The following shows a basic example of what an EJB looks like in code:

@Stateless 
public class CustomerService { 

    private EntityManager entityManager; 
   
    public void addCustomer(Customer customer) { 
        entityManager.persist(customer); 
    } 
}

The above defines a service class for persisting a Customer object (via O/R mapping). The EJB takes care of managing the persistence context and the addCustomer() method is transactional and thread-safe by default. As demonstrated, the EJB focuses only on business logic and persistence and knows nothing about any particular presentation.

Such an EJB can be used by a class in e.g. the web layer as follows:

@Named	
@RequestScoped
public class CustomerBacking {
    @EJB 
    private CustomerService customerService;

    public String addCustomer(Customer customer) {
        customerService.addCustomer(customer);
        context.addMessage(...); // abbreviated for brevity
        return "customer_overview";
    }
}

The above defines a JavaServer Faces (JSF) backing bean in which the EJB is injected by means of the @EJB annotation. Its addCustomer method is typically bound to some UI component, such as a button. Contrary to the EJB, the backing bean does not contain any business logic or persistence code, but delegates such concerns to the EJB. The backing bean does know about a particular presentation, of which the EJB had no knowledge.

An EJB container holds two major types of beans:

• Session Beans^[4] that can be either "Stateful", "Stateless" or "Singleton" and can be accessed via either a Local (same JVM) or Remote (different JVM) interface or directly without an interface,^[5] in which case local semantics apply. All session beans support asynchronous execution^[6] for all views (local/remote/no-interface).
• Message Driven Beans (MDBs, also known as Message Beans). MDBs also support asynchronous execution, but via a messaging paradigm.

Stateful Session Beans^[7] are business objects having state: that is, they keep track of which calling client they are dealing with throughout a session and of the history of its requests, and thus access to the bean instance is strictly limited to only one client during its lifetime.^[8] If concurrent access to a single bean is attempted anyway the container serializes those requests, but via the @AccessTimeout annotation the container can instead throw an exception.^[9] Stateful session beans' state may be persisted (passivated) automatically by the container to free up memory after the client hasn't accessed the bean for some time.
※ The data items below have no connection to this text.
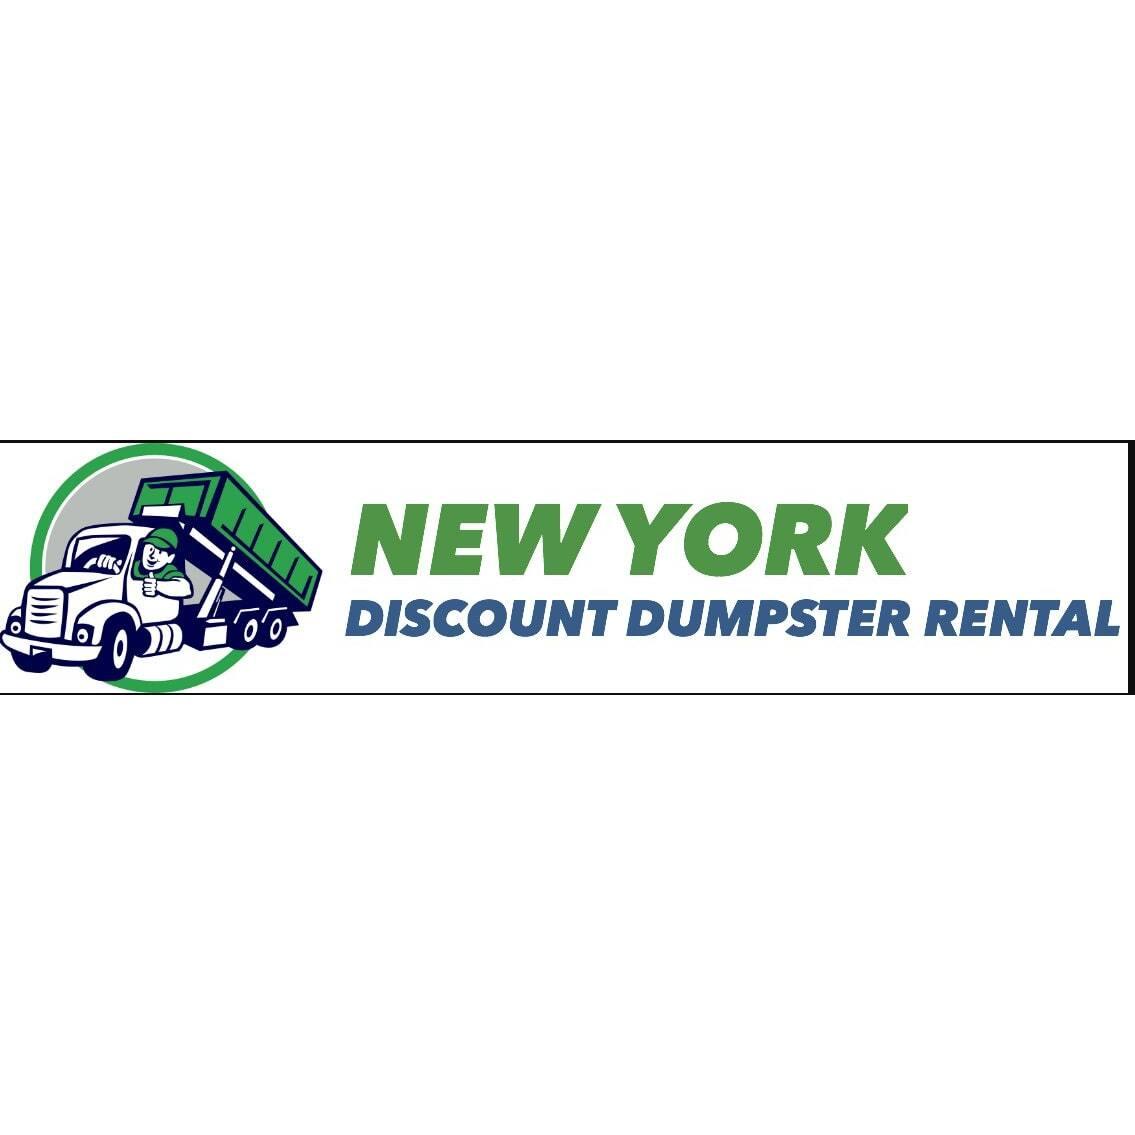 Discount Dumpster Rental New York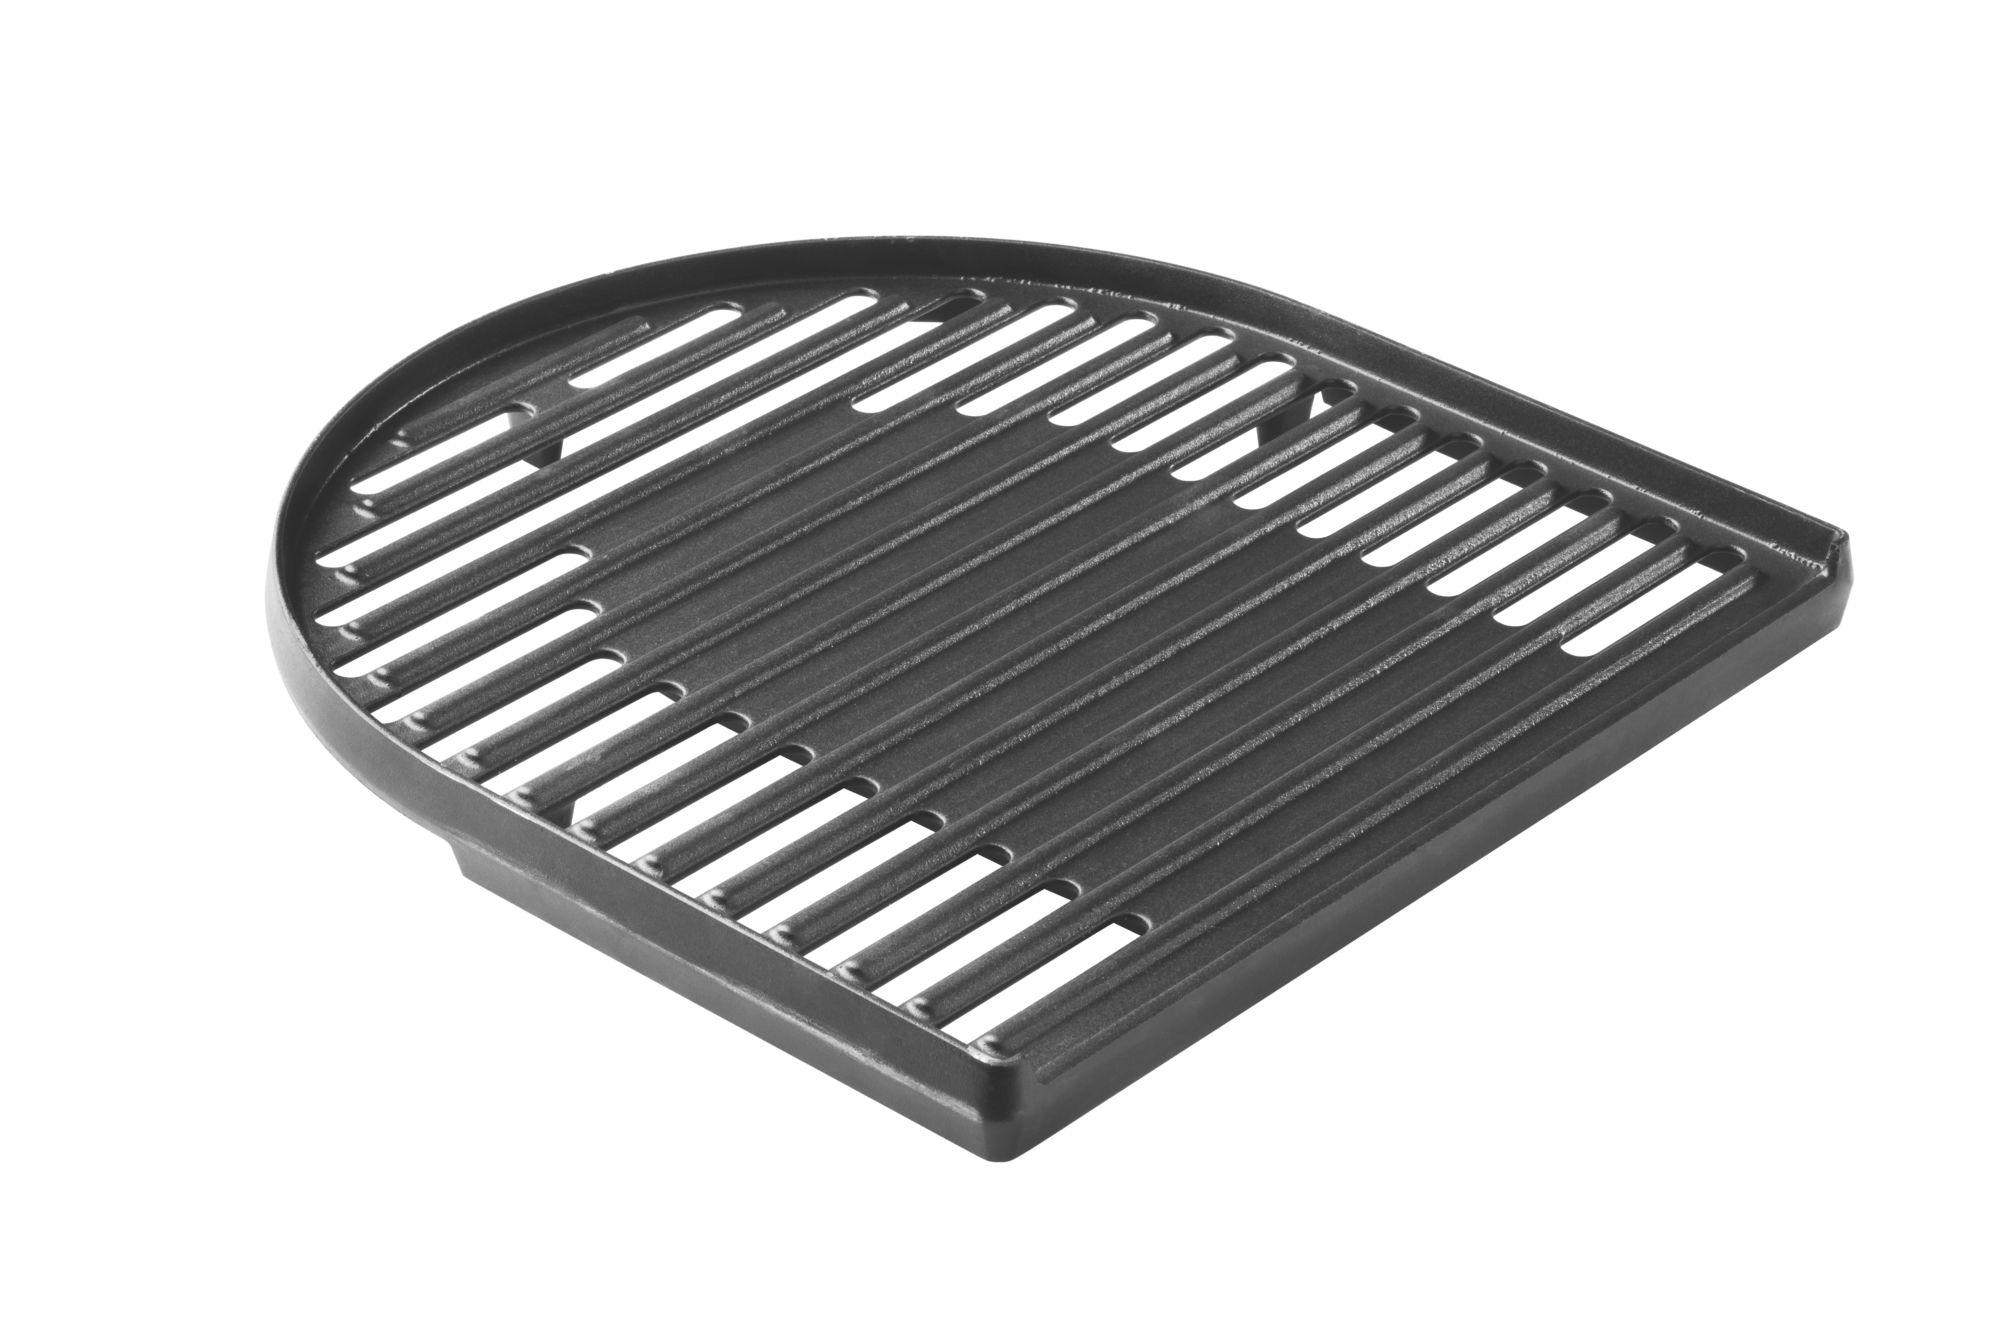 coleman roadtrip cast iron grill grate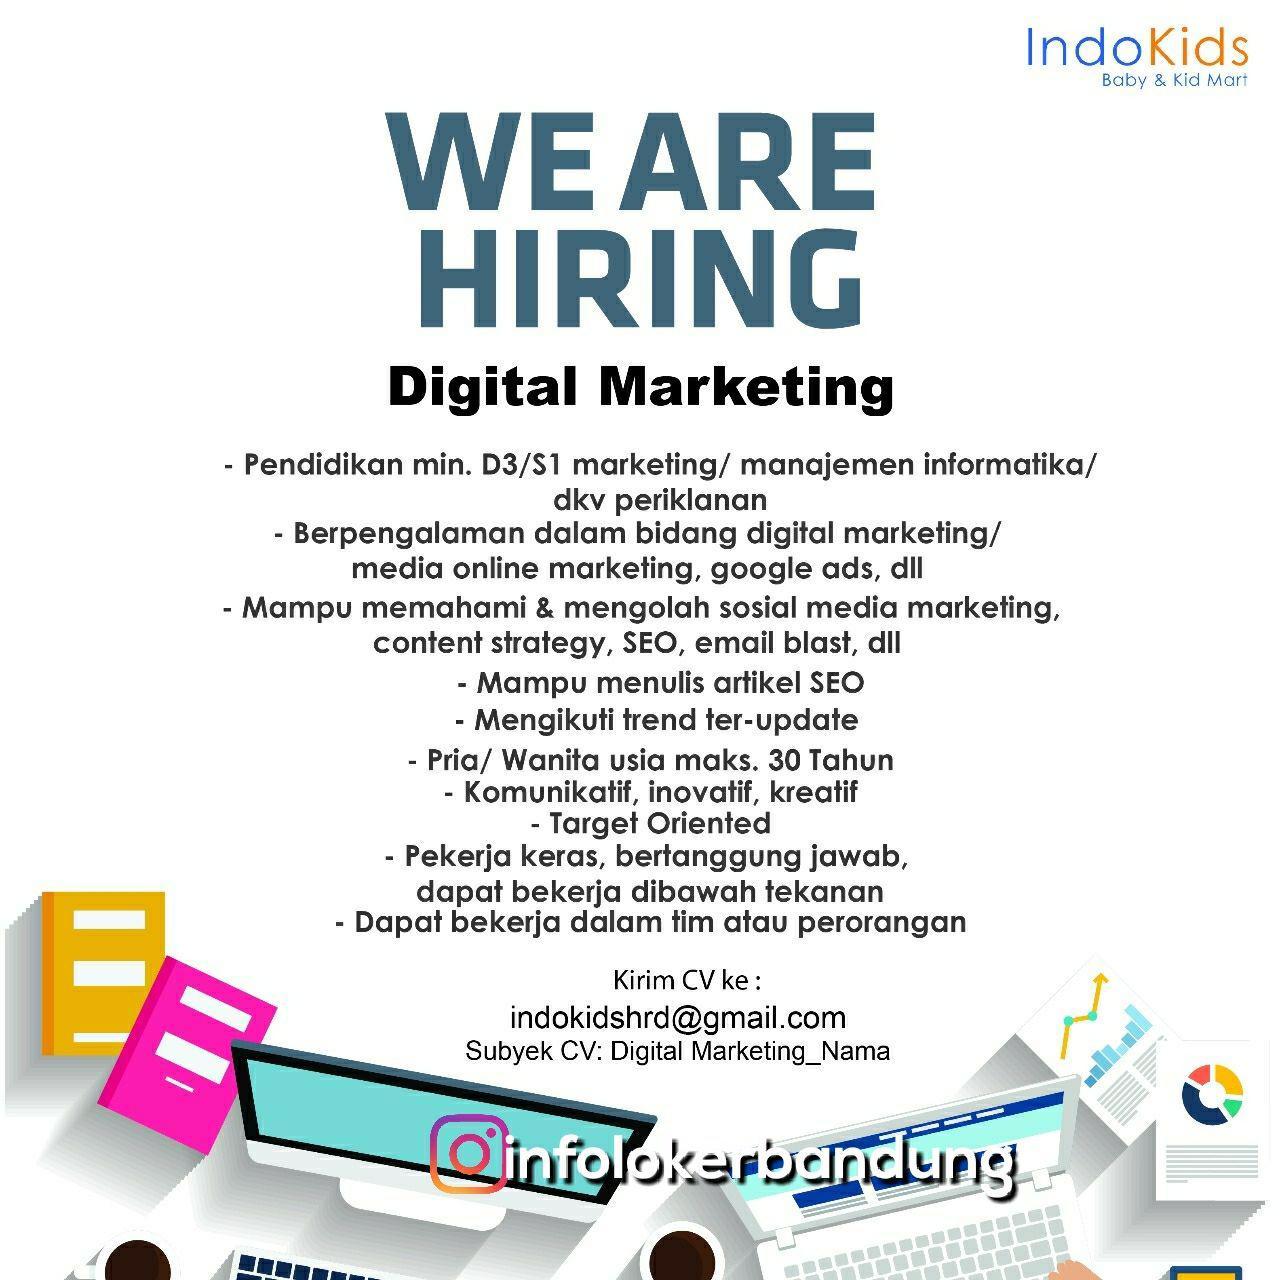 Lowongan Kerja Digital Marketing Indokids Bandung Februari 2018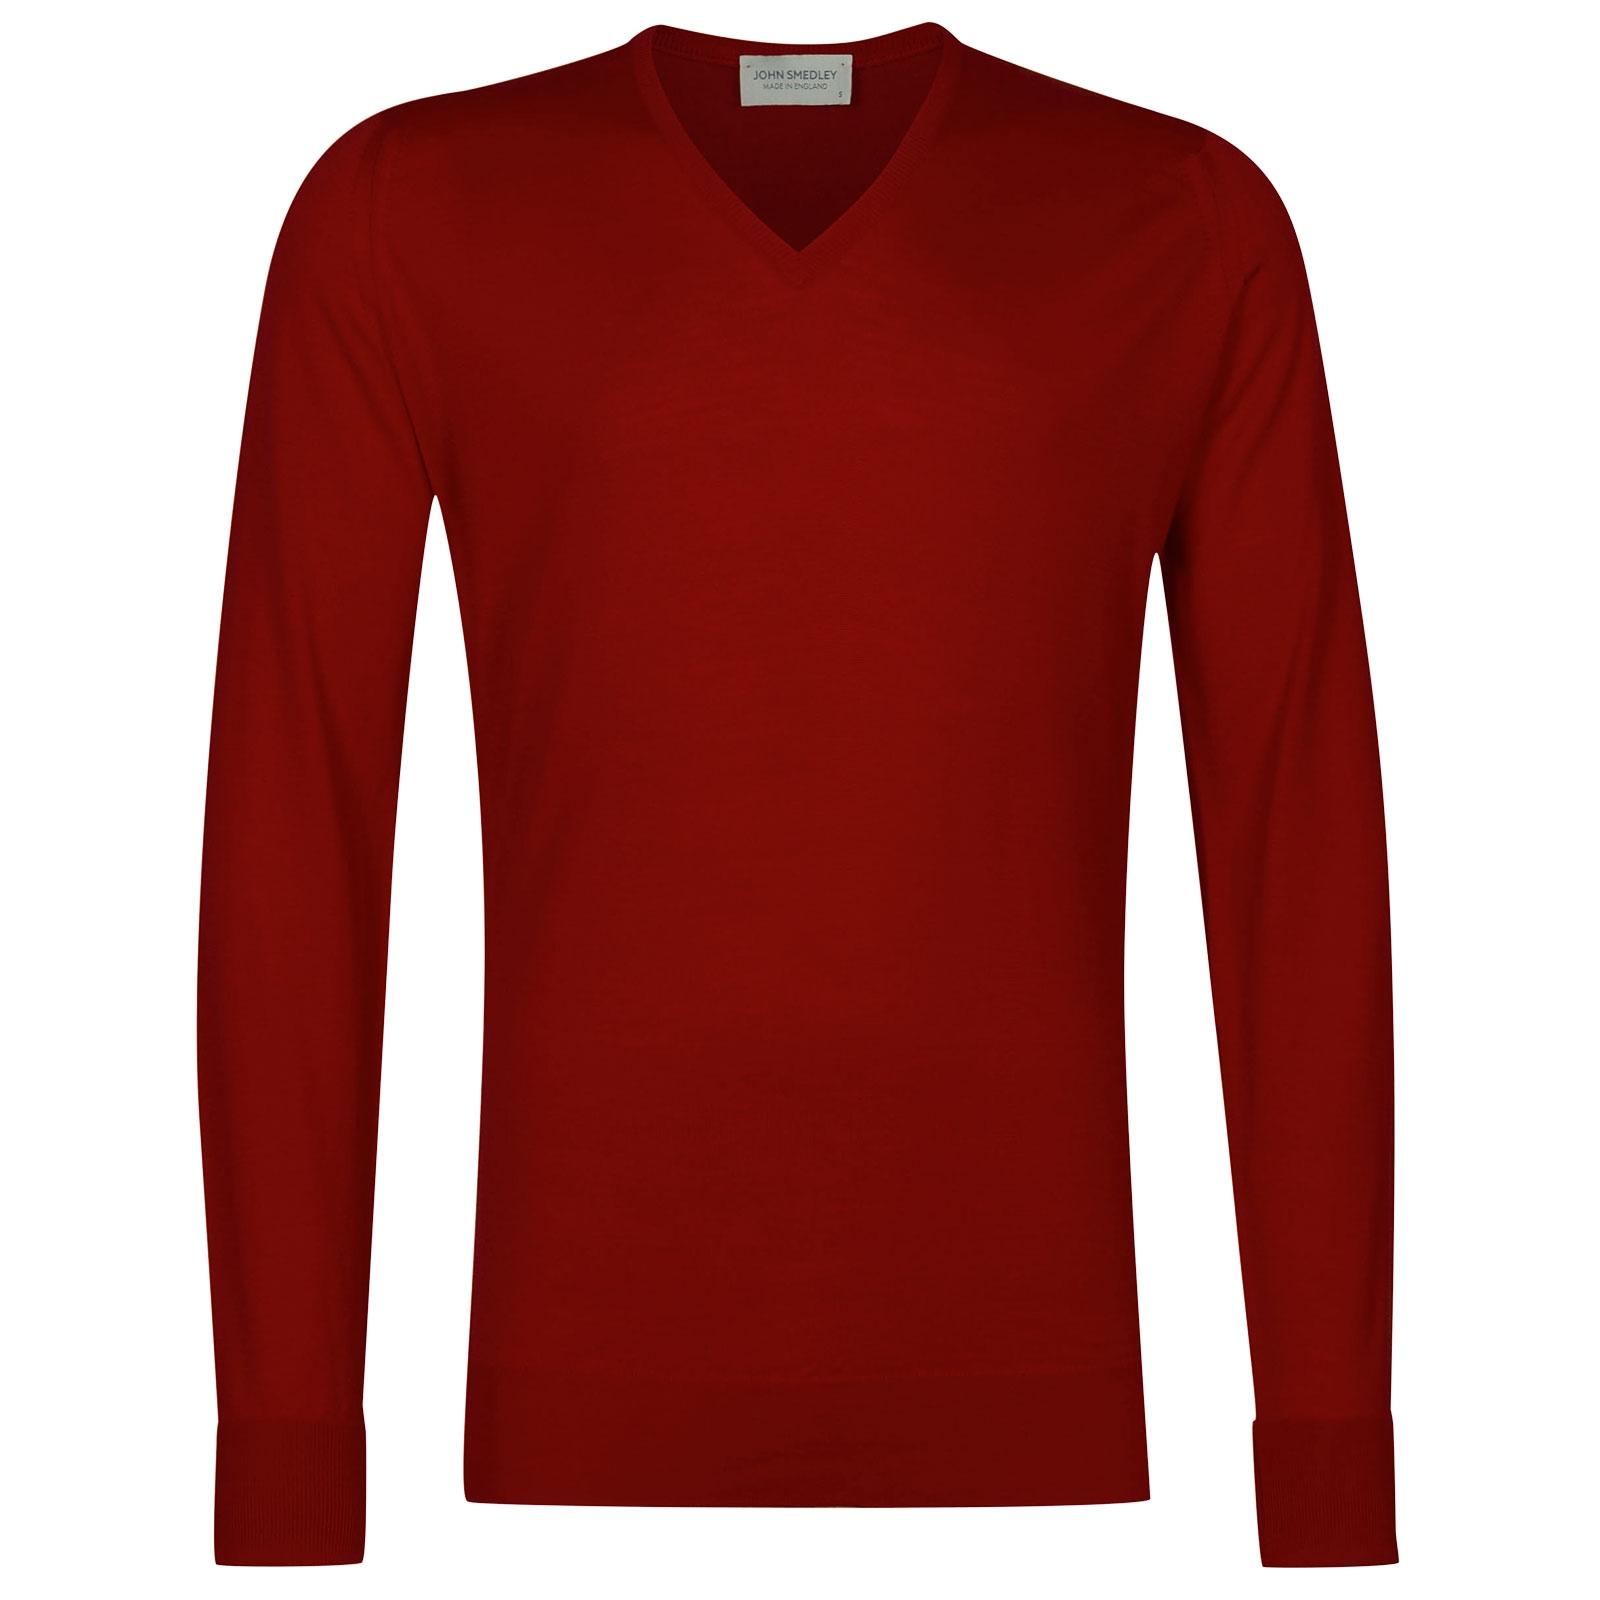 John Smedley Bobby Merino Wool Pullover in Dandy Red-XL

The JPA extended persistence context is explicitly supported by Stateful Session Beans.^[10]

Examples

• Checking out in a web store might be handled by a stateful session bean that would use its state to keep track of where the customer is in the checkout process, possibly holding locks on the items the customer is purchasing (from a system architecture's point of view, it would be less ideal to have the client manage those locks).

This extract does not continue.